* **Work item**:
A word-for-word retyping of the listing below is required, with the pictures dropped.
*** Information provided Section Begins ***
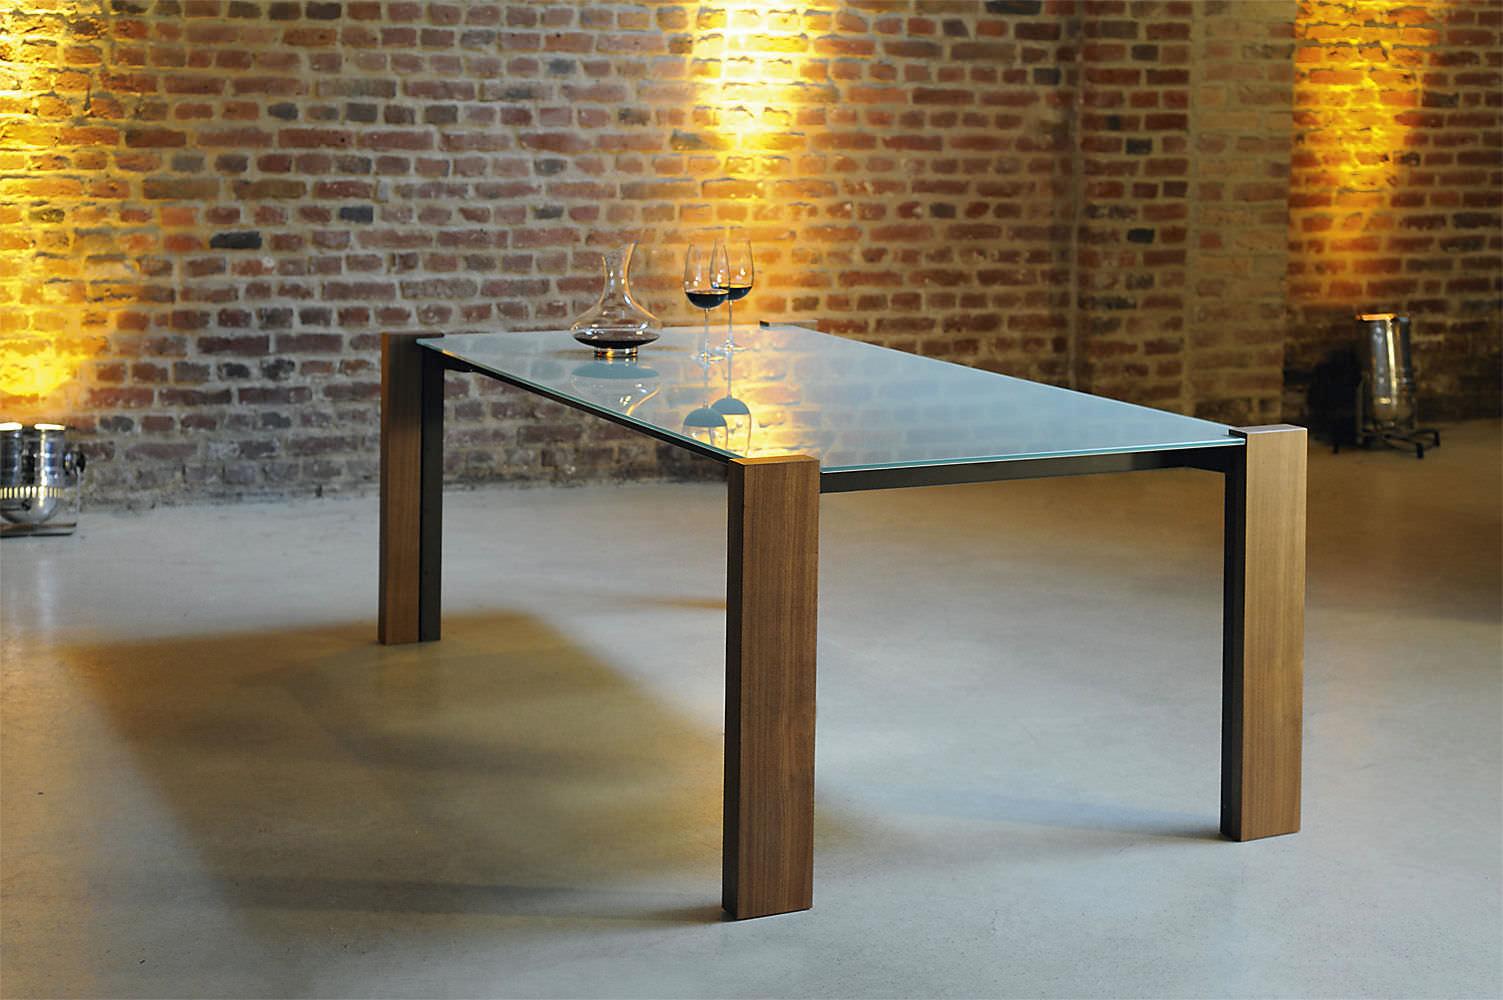 moderne esstisch / glas / rechteckig / für innenbereich, Esstisch ideennn
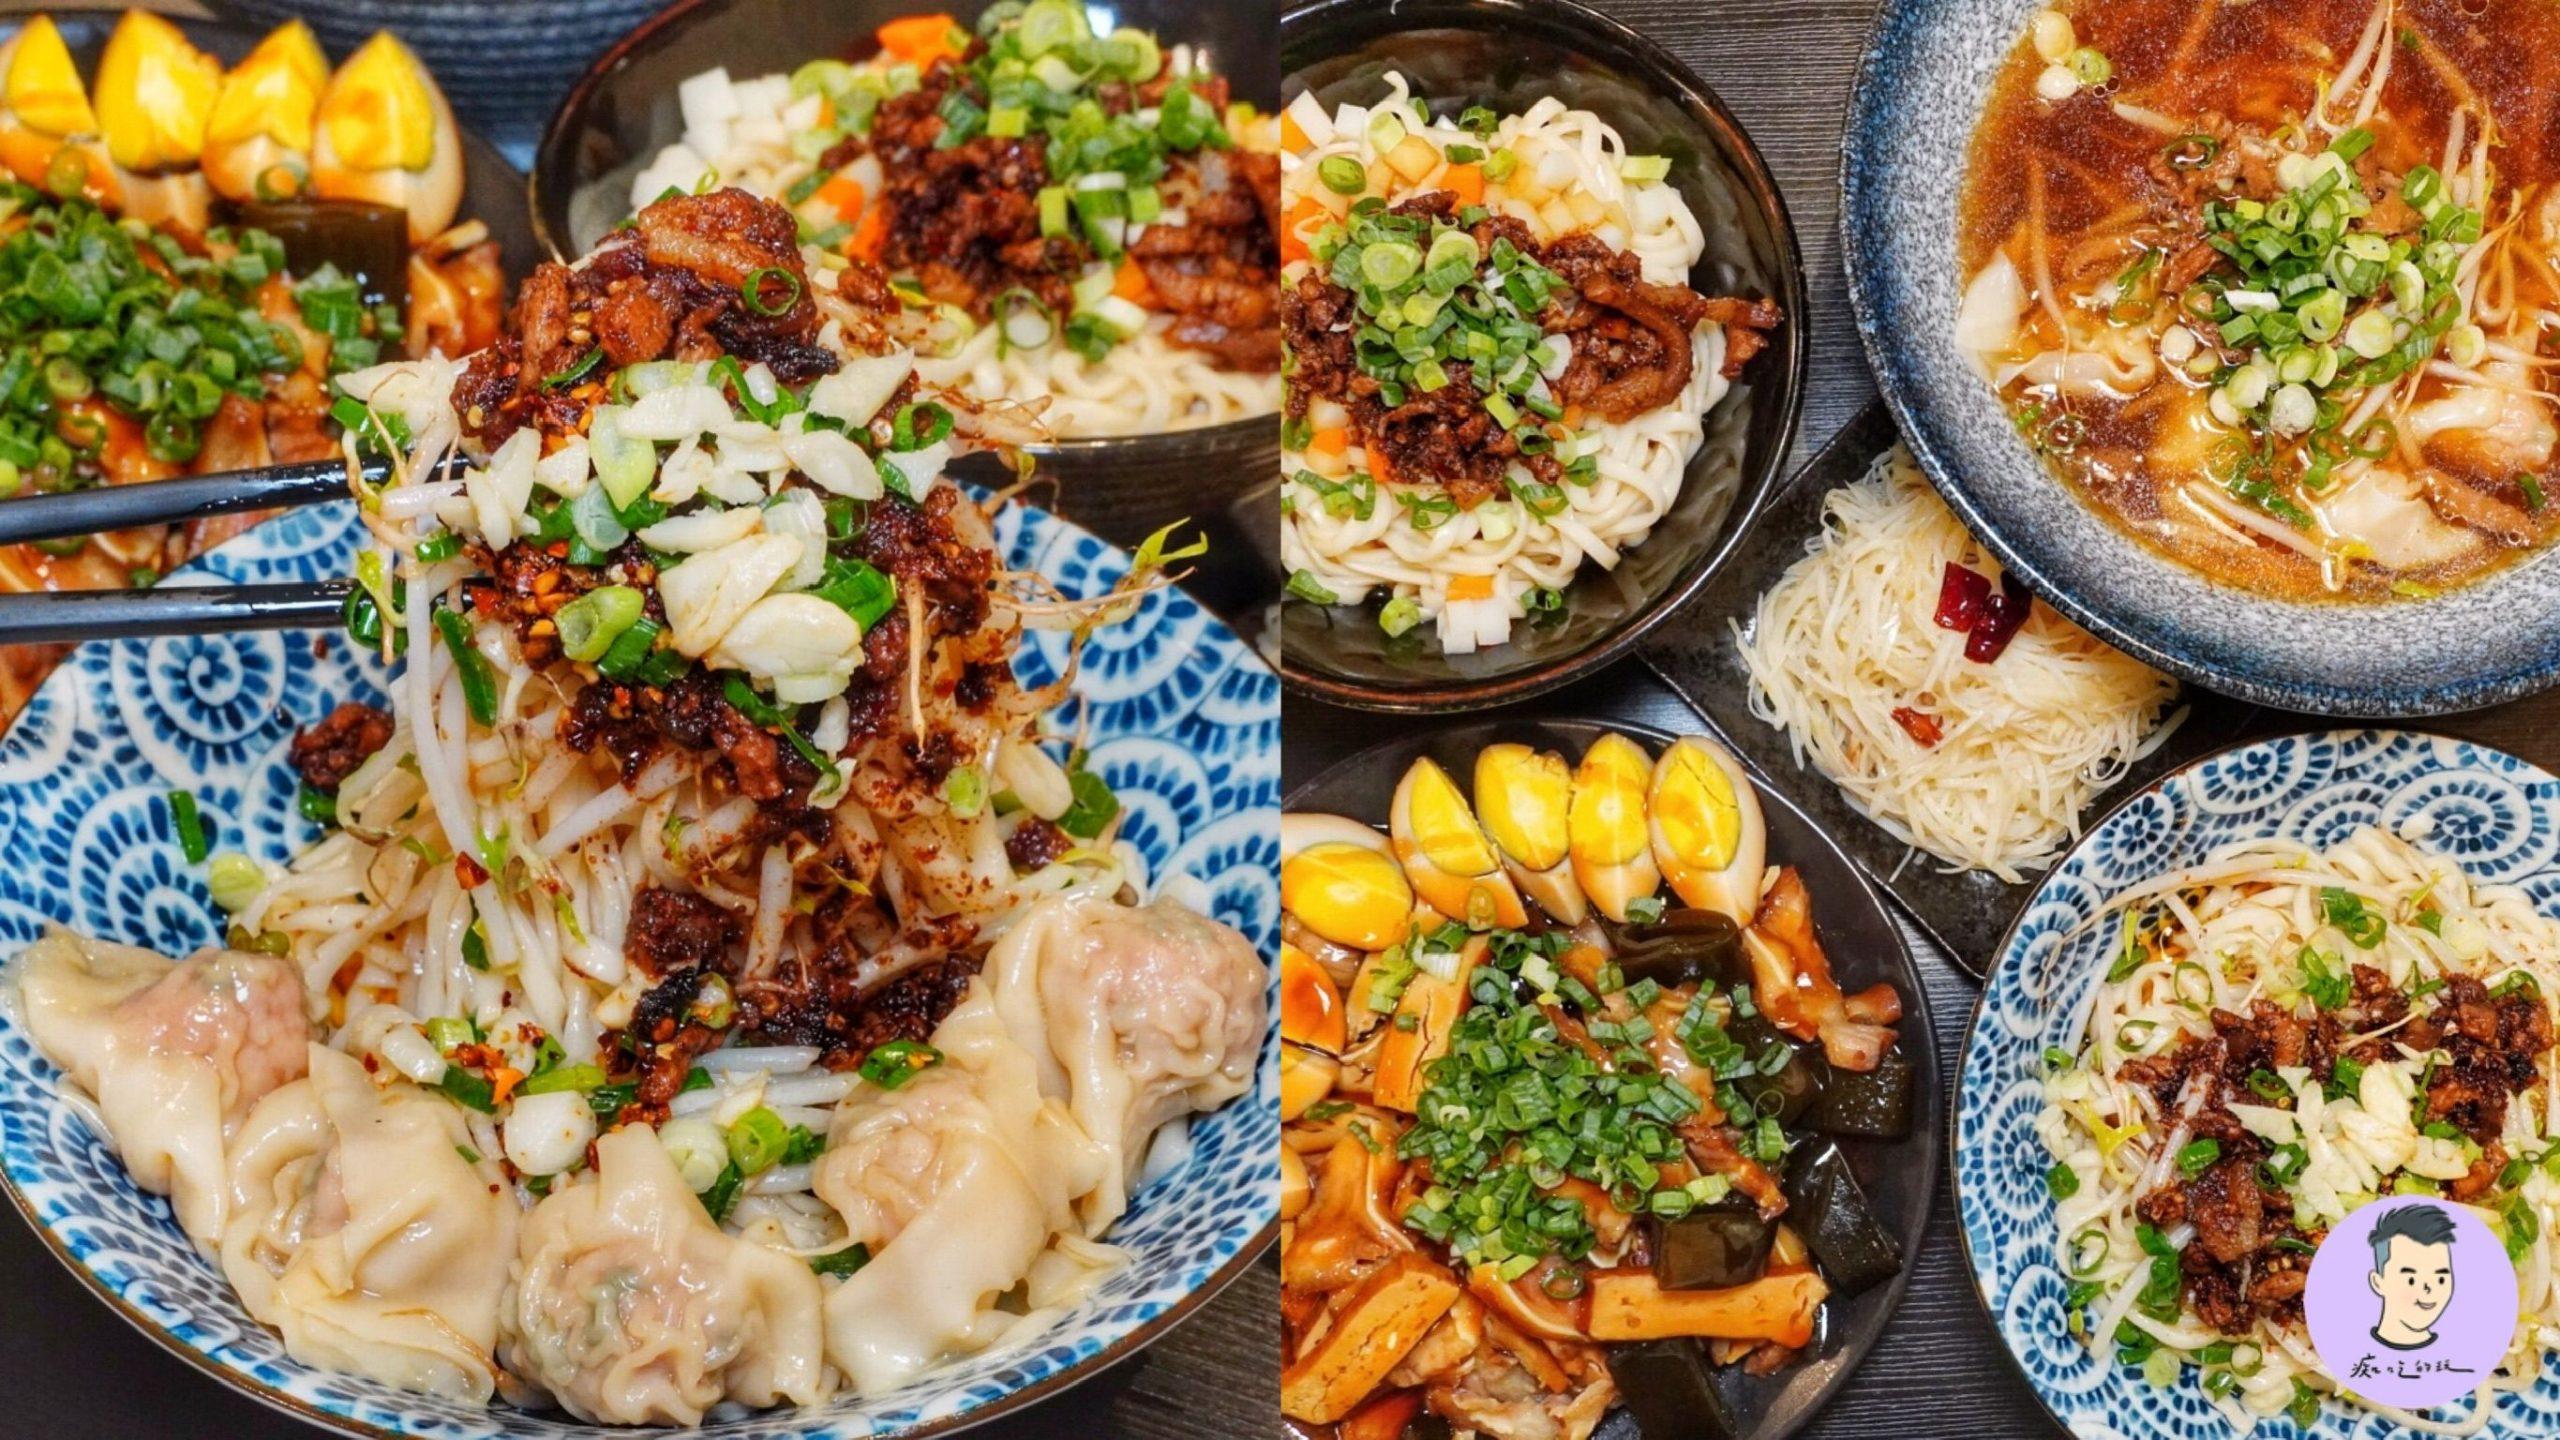 【高雄美食】西安風味美食館 旗山也有道地陝西風味麵店!大推油潑麵+酸辣土豆絲 用料實在平價美味 – 旗山美食
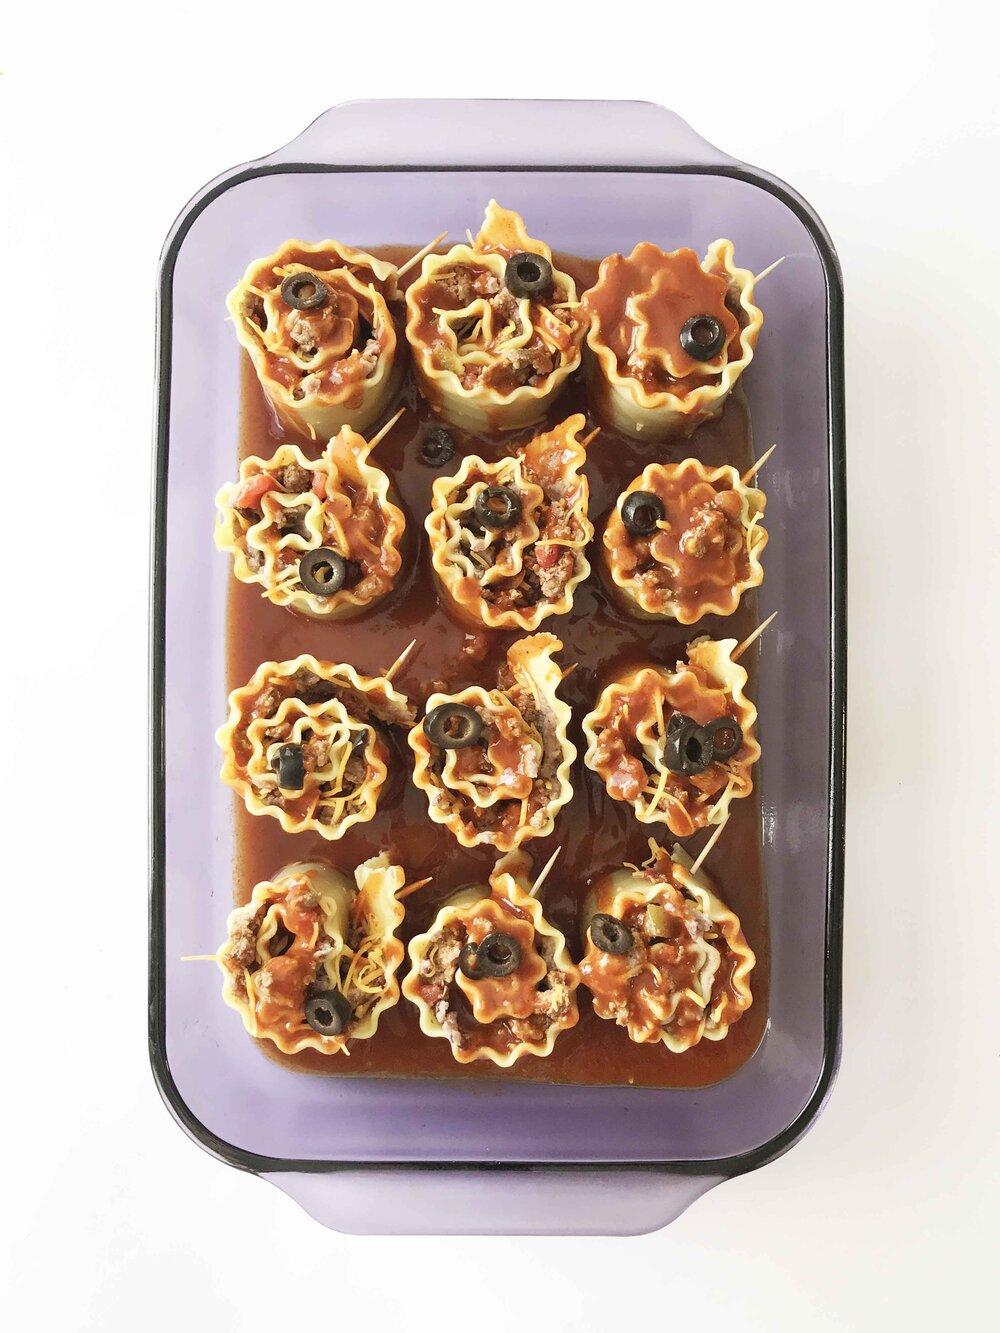 texmex-lasagna-rolls7.jpg
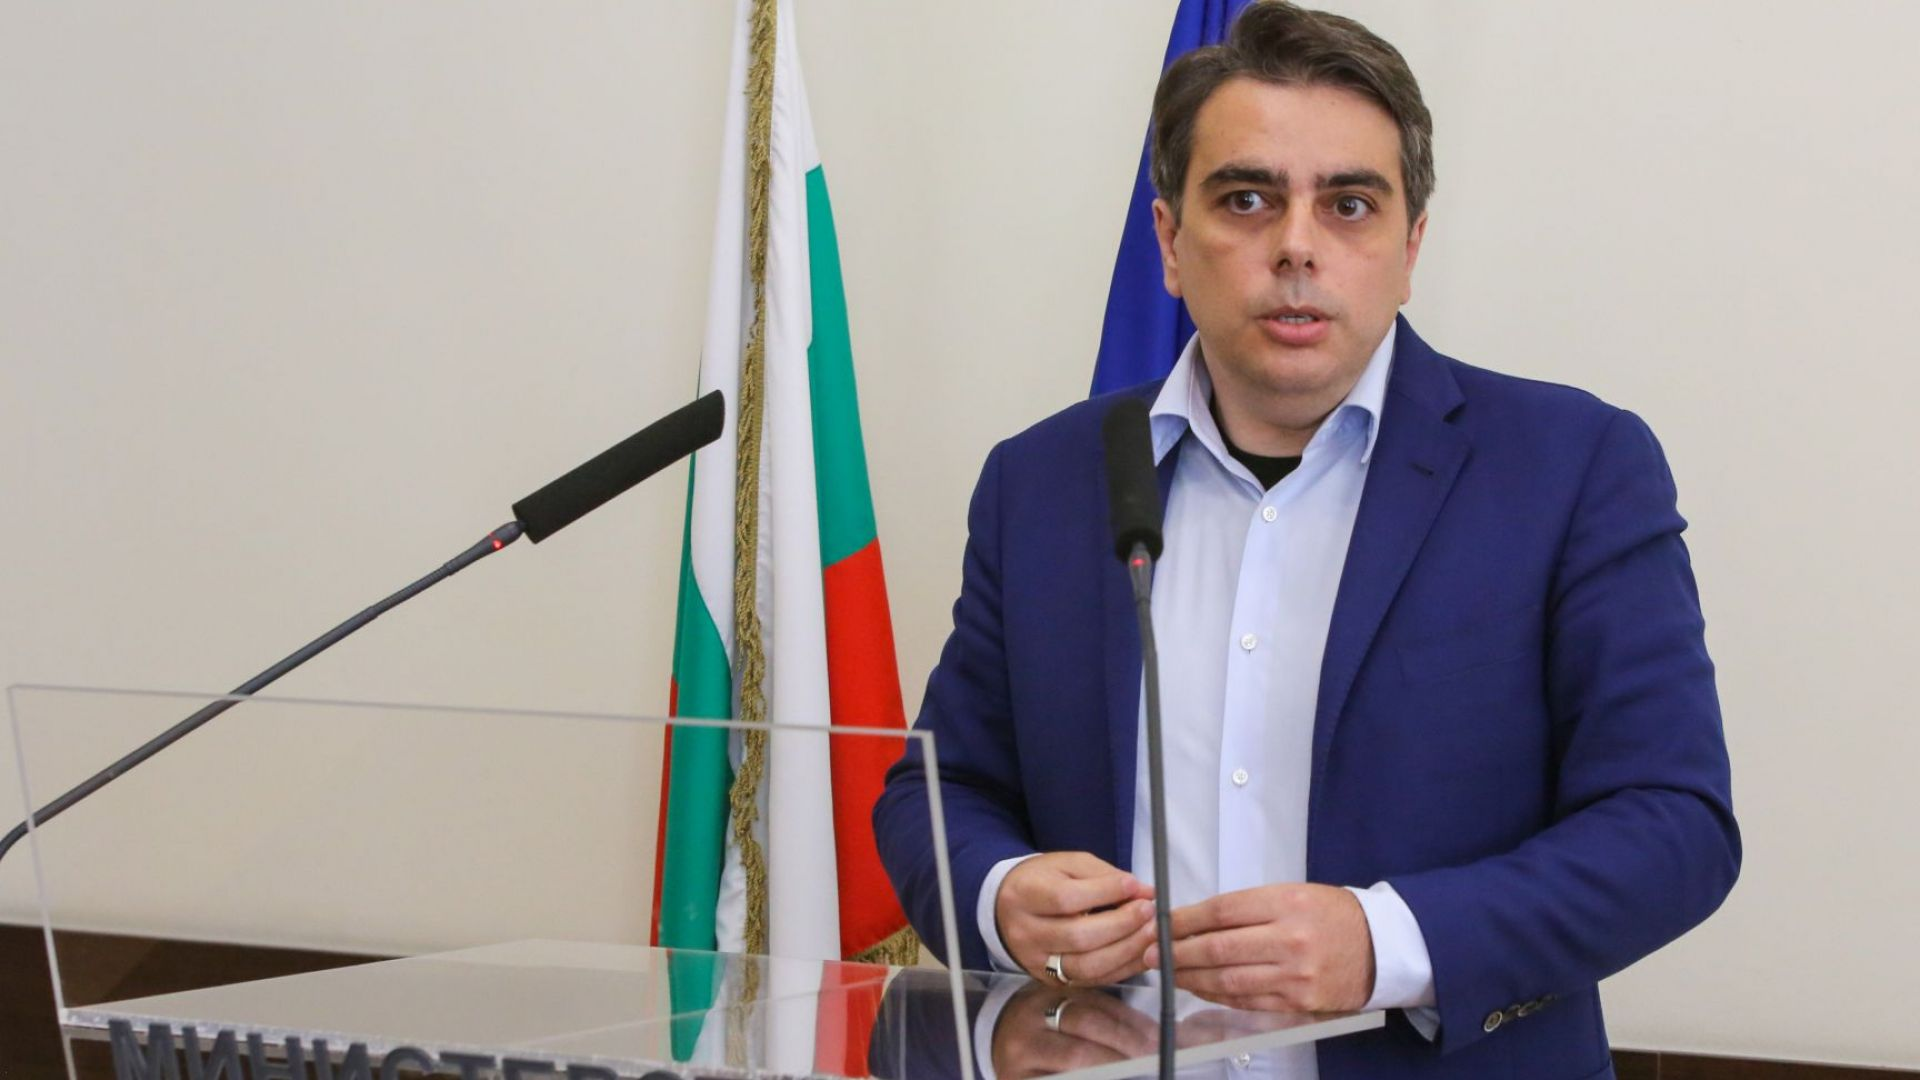 Асен Василев: Шефът на Държавната финансова инспекция се крие
*** Information provided Section Ends ***
* **Result**:
 moderne esstisch / glas / rechteckig / für innenbereich, Esstisch ideennn
 【高雄美食】西安風味美食館 旗山也有道地陝西風味麵店!大推油潑麵+酸辣土豆絲 用料實在平價美味 – 旗山美食
 texmex-lasagna-rolls7.jpg
 Асен Василев: Шефът на Държавната финансова инспекция се крие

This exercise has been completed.